An extract from a plant used in traditional Chinese medicine may help protect the genes of immune system cells and, as a result, enhance their ability to fight HIV, according to a new study announced by the University of California Los Angeles (UCLA) and published in The Journal of Immunology.

When cells reproduce, their DNA gets capped at the ends by long repeated strands of genes called telomeres. Telomeres protect the genes, much like the plastic tips on the ends of shoelaces. Unfortunately, telomeres get shorter every time a cell reproduces, which ultimately causes the cells to become “exhausted” and to stop functioning properly. This occurs naturally as a person ages, but more rapidly in the HIV-fighting CD4 and CD8 cells of people with HIV.

One of the lead researchers in telomeres and HIV, Rita Effros, PhD, and her colleague Steven Russell Fauce, PhD, of the department of pathology at UCLA, had experimented with gene therapy as a way to keep telomeres from shortening. But ultimately the researchers turned to what could potentially be a much less expensive method: an extract from the medicinal plant astragalus.

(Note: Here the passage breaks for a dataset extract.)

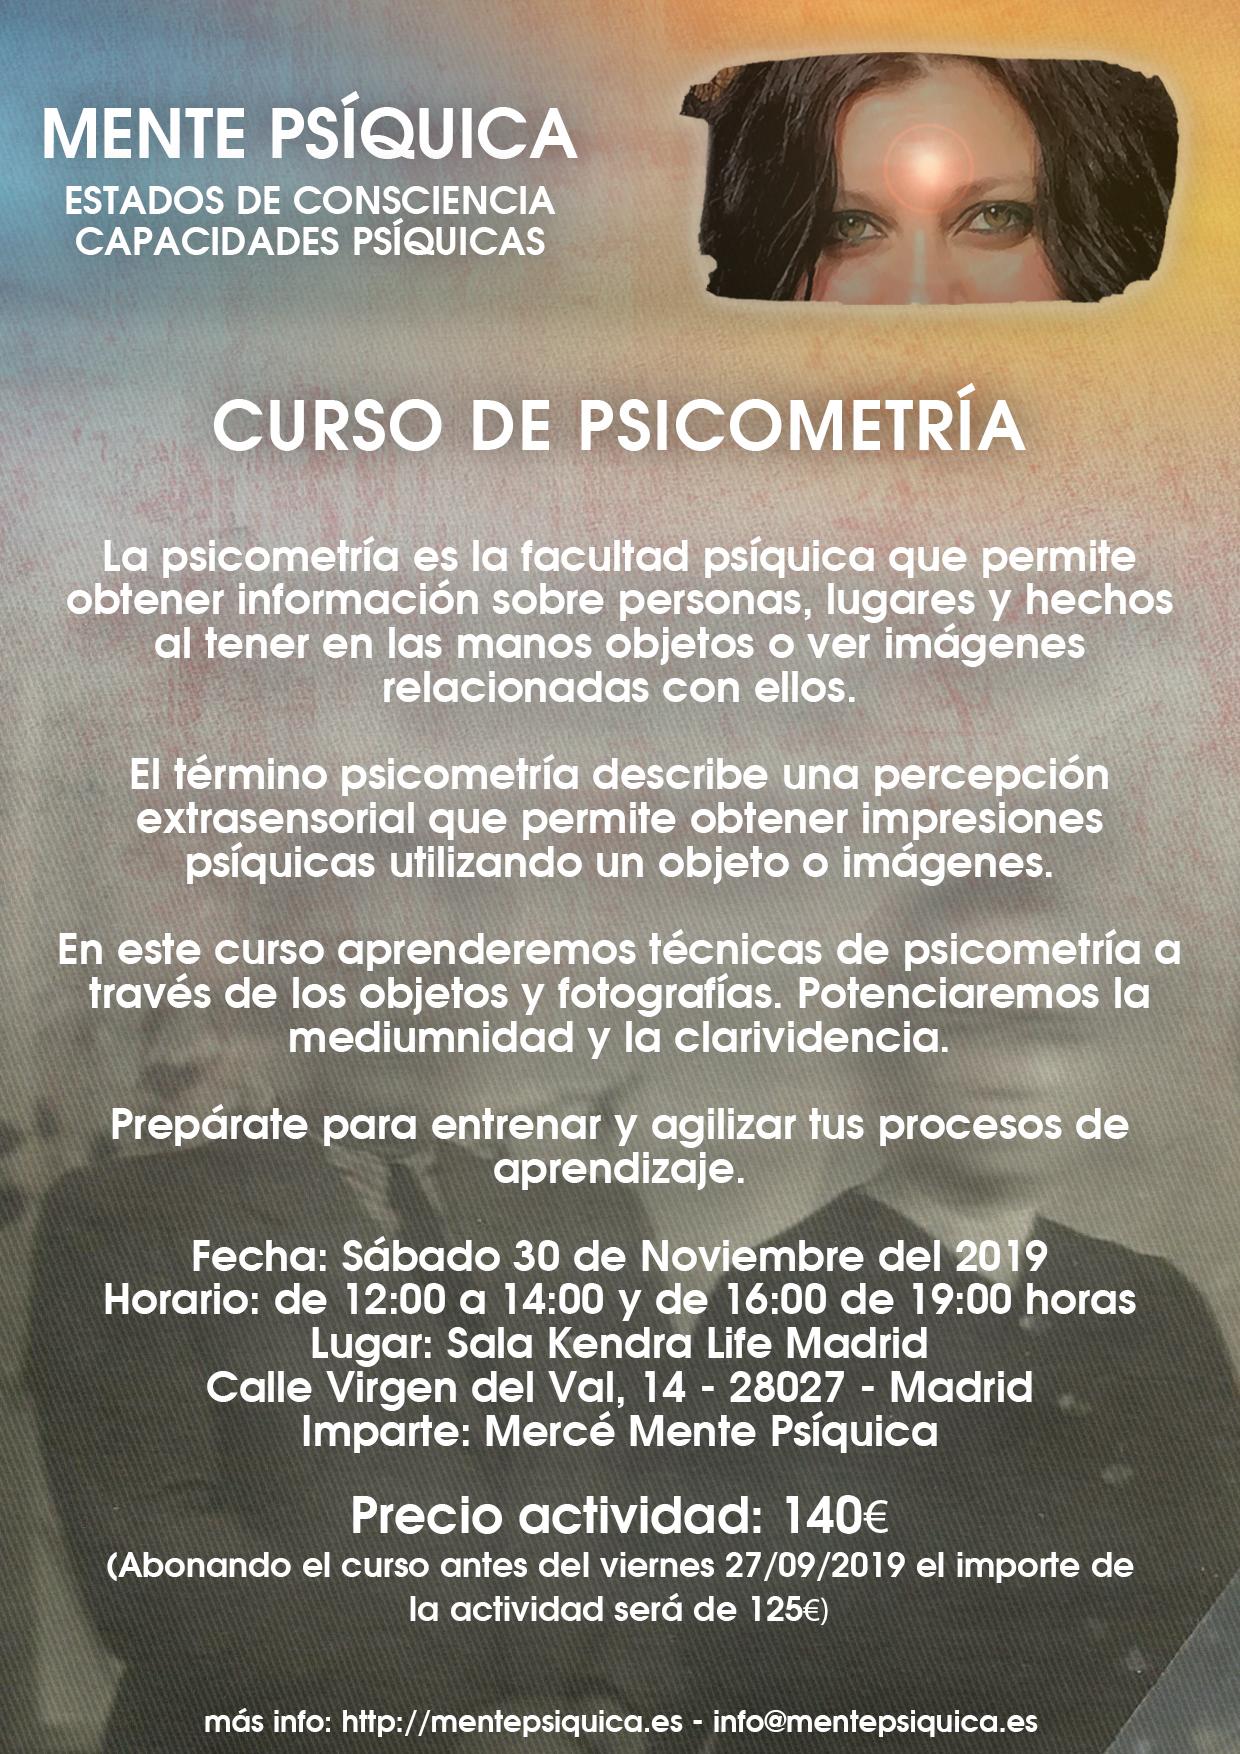 Curso de psicometría @ Sala Kendra Life Madrid

According to Effros and Fauce, the extract, TAT2, keeps an enzyme called telomerase turned on. CD4s and CD8s can naturally produce telomerase, which helps keep telomeres from shortening, but only for so long. After a cell has divided too many times, the telomerase gene turns off.

In test tube experiments, Effros and Fauce exposed CD4 and CD8 cells collected from HIV-positive patients to TAT2. Not only did the substance slow the shortening of the cells’ telomeres, but it also increased the cells’ production of proteins known to inhibit HIV replication.

While studies of TAT2 have not yet been conducted in people, the authors believe the strategy “could be useful in treating HIV disease, as well as immunodeficiency and increased susceptibility to other viral infections associated with chronic diseases or aging.”